One instant so--and then--ah, God! they have cast the die at last, for he has wound his mighty arms about her, and is passionately kissing the marble of her cheek.
"My beloved, my beloved, I love you--with, all my heart, and with all my soul, and with all my strength"-- but she speaks no word, only her arms pass his and hang about his neck, and her dark head lies on his breast; and could you but see her eyes, you would see also the fair pearls that the little god has formed deep down in the ocean of love--the lashes thereof are wet with sudden weeping.

And all around them the deep, deaf fog, thick and muffled as darkness, and yet not dark.
"Ugh!" muttered the evil genius of the sea, "I hate lovers; an' they drown not, they shall have a wet wooing." And he came and touched them all over with the clamminess of his deathly hand, and breathed upon them the thick, cold breath of his damp old soul.

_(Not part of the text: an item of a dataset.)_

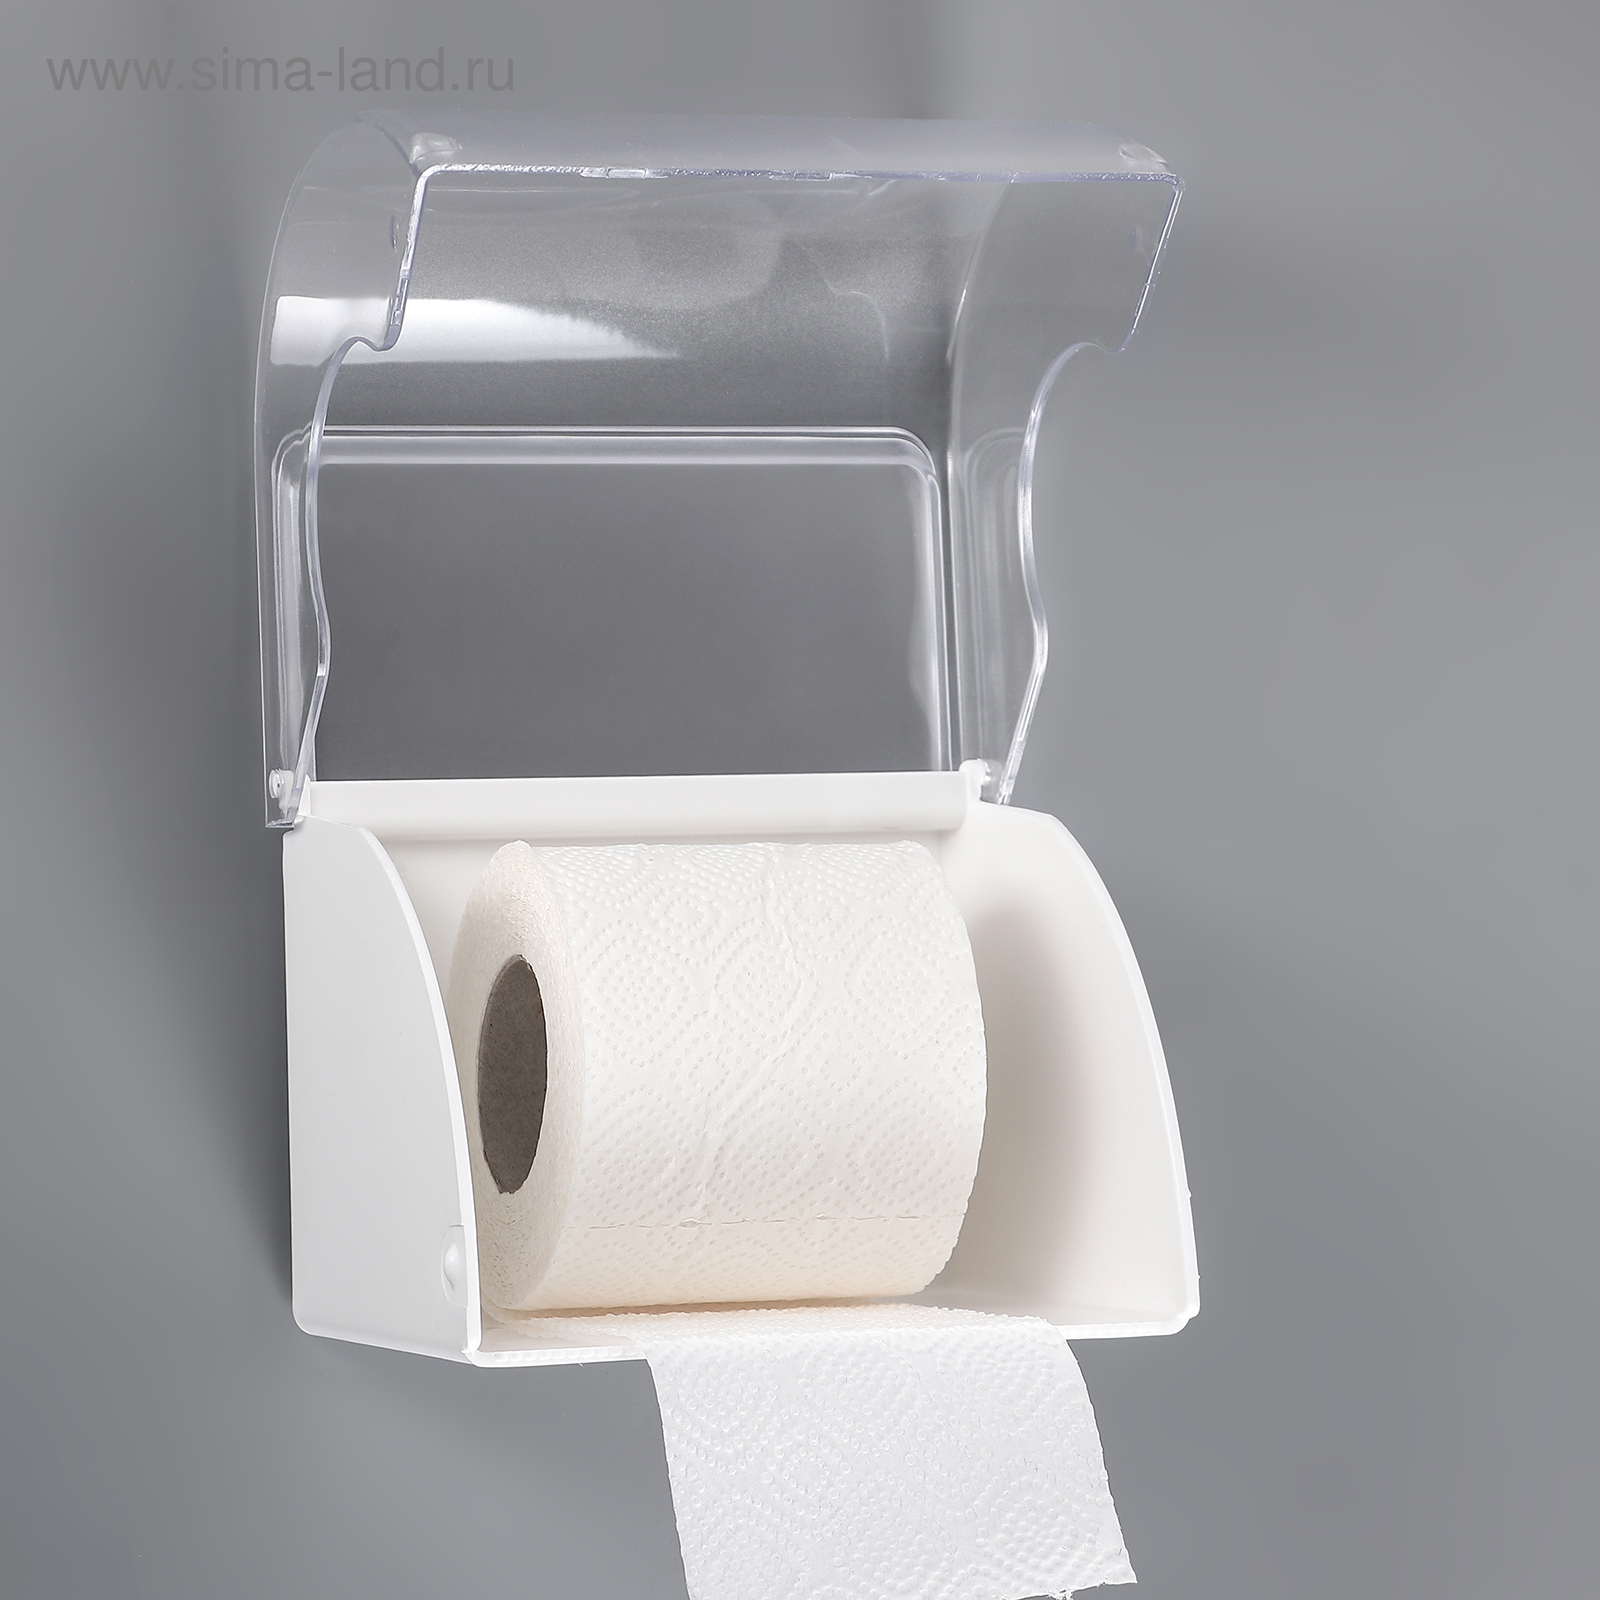 полка для туалетной бумаги настенная

But he could do nothing against such love as that, and the lovers burned him and laughed him to scorn.
She was very silent as she kissed him and laid her head on his breast.
And he could only repeat what was nearest, the credo of his love, and while his arms were about her they were strong, but when he tried to take them away, they were as tremulous as the veriest aspen.
The great tidal wave comes rolling in, once in every lifetime that deserves to be called a lifetime, and sweeps away every one of our landmarks, and changes all our coast-line.

But though the waters do not subside, yet the crest of them falls rippling away into smoothness after the first mad rush, else should we all be but shipwrecked mariners in the sea of love.